To determine the volume of 0.150 M HCl needed to neutralize 20.00 mL of 0.190 M Ba(OH)2, you can use the concept of stoichiometry and the balanced chemical equation for the reaction between HCl and Ba(OH)2.
The balanced chemical equation is:
2 HCl + Ba(OH)2 -> BaCl2 + 2 H2O
From the equation, you can see that it takes two moles of HCl to react with one mole of Ba(OH)2.
First, calculate the number of moles of Ba(OH)2 in the given 20.00 mL of 0.190 M Ba(OH)2 solution:
Moles of Ba(OH)2 = concentration (M) x volume (L)
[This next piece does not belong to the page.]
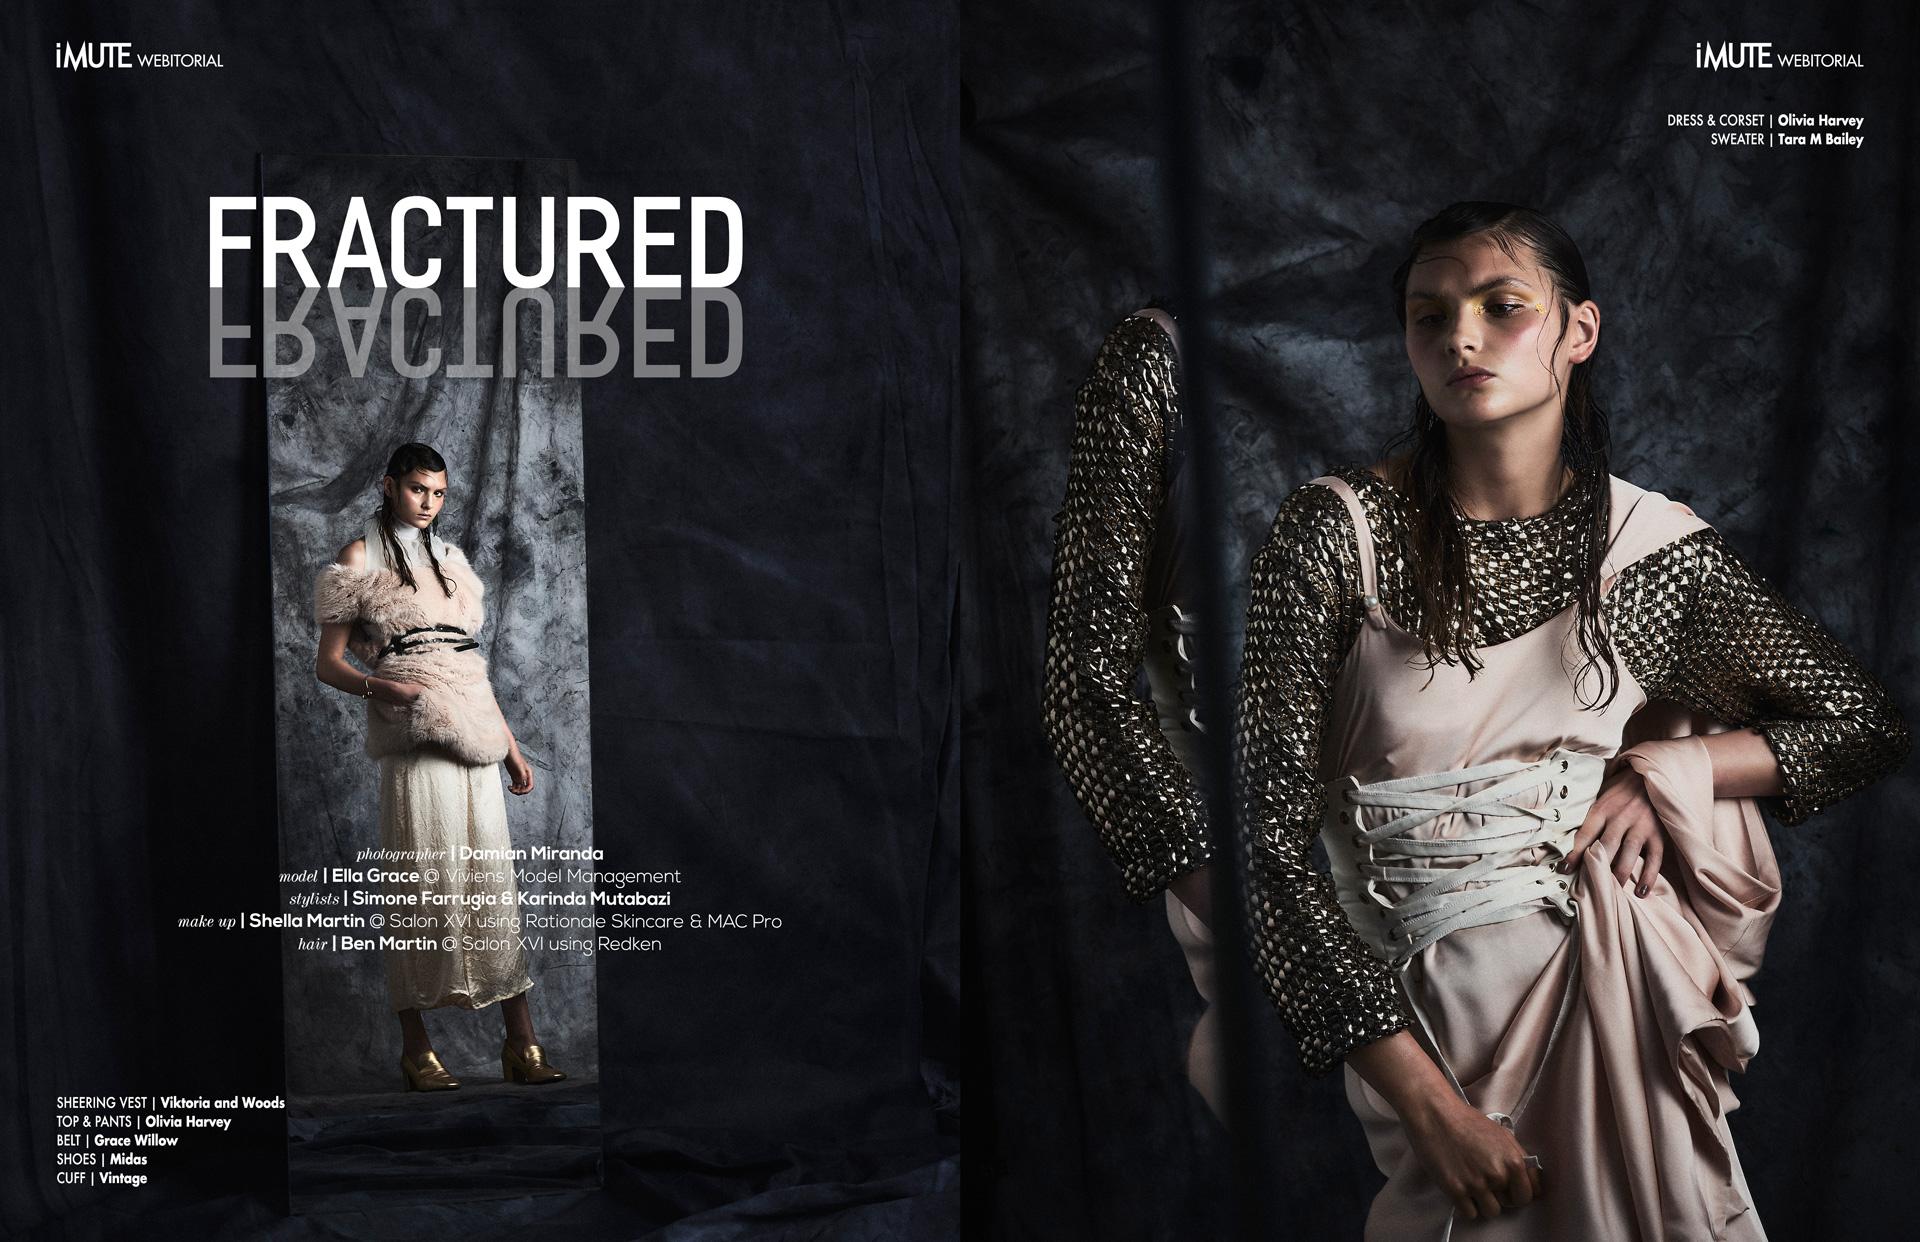 IMUTE Magazine - Fractured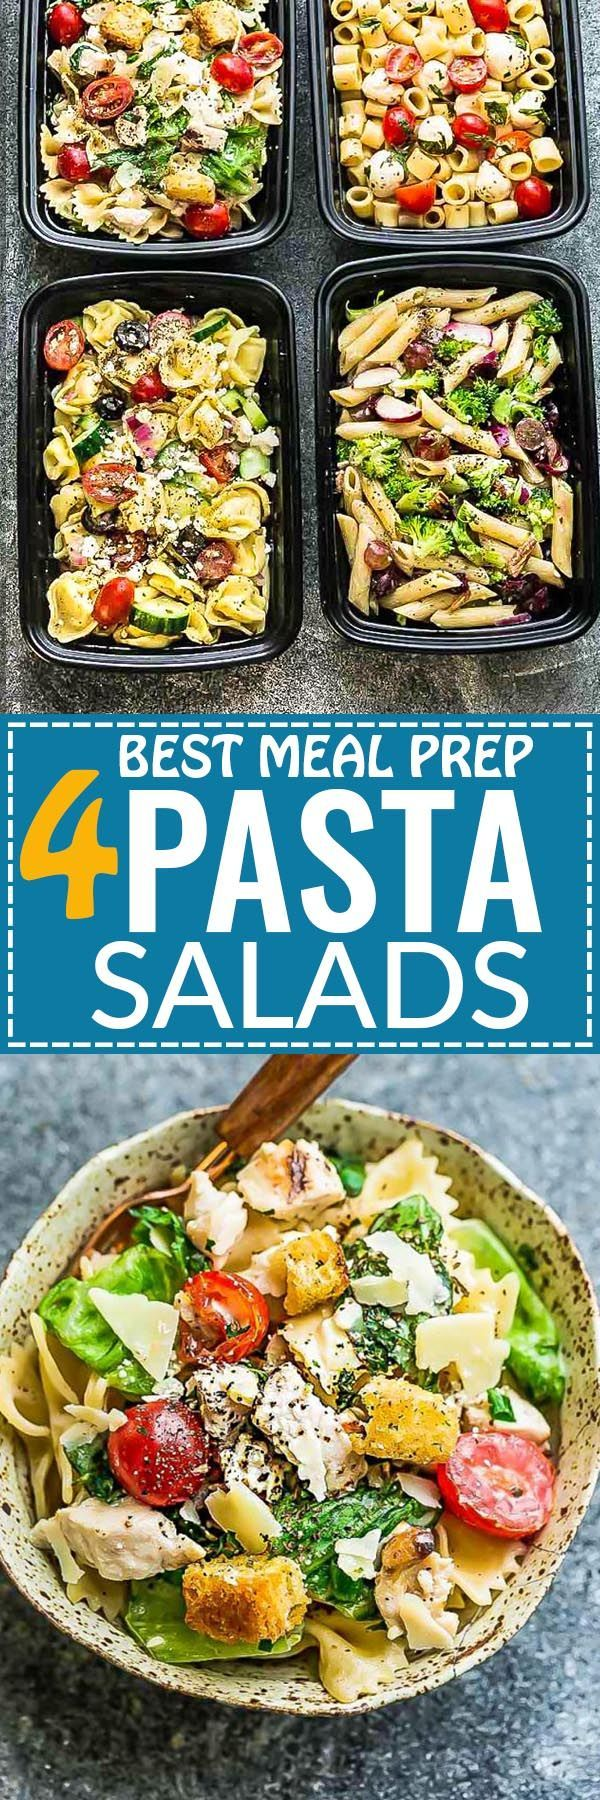 331 best Recipes | Meal Prep images on Pinterest | 1st grades ...

Moles of Ba(OH)2 = 0.190 M x 0.02000 L
Next, use the stoichiometry of the balanced equation to determine the moles of HCl required. Since the stoichiometric ratio is 2:1 for HCl to Ba(OH)2, the moles of HCl needed will be half of the moles of Ba(OH)2 calculated above.
Moles of HCl = (1/2) x Moles of Ba(OH)2
Finally, calculate the volume of 0.150 M HCl needed to have the calculated moles of HCl:
Volume of HCl (L) = Moles of HCl / concentration (M)
Volume of HCl = Moles of HCl / 0.150 M
Performing the calculations using the given values:
Moles of Ba(OH)2 = 0.190 M x 0.02000 L = 0.0038 moles
Moles of HCl = (1/2) x 0.0038 moles = 0.0019 moles
Volume of HCl = 0.0019 moles / 0.150 M = 0.0127 L or 12.7 mL
Therefore, approximately 12.7 mL of 0.150 M HCl is needed to neutralize 20.00 mL of 0.190 M Ba(OH)2.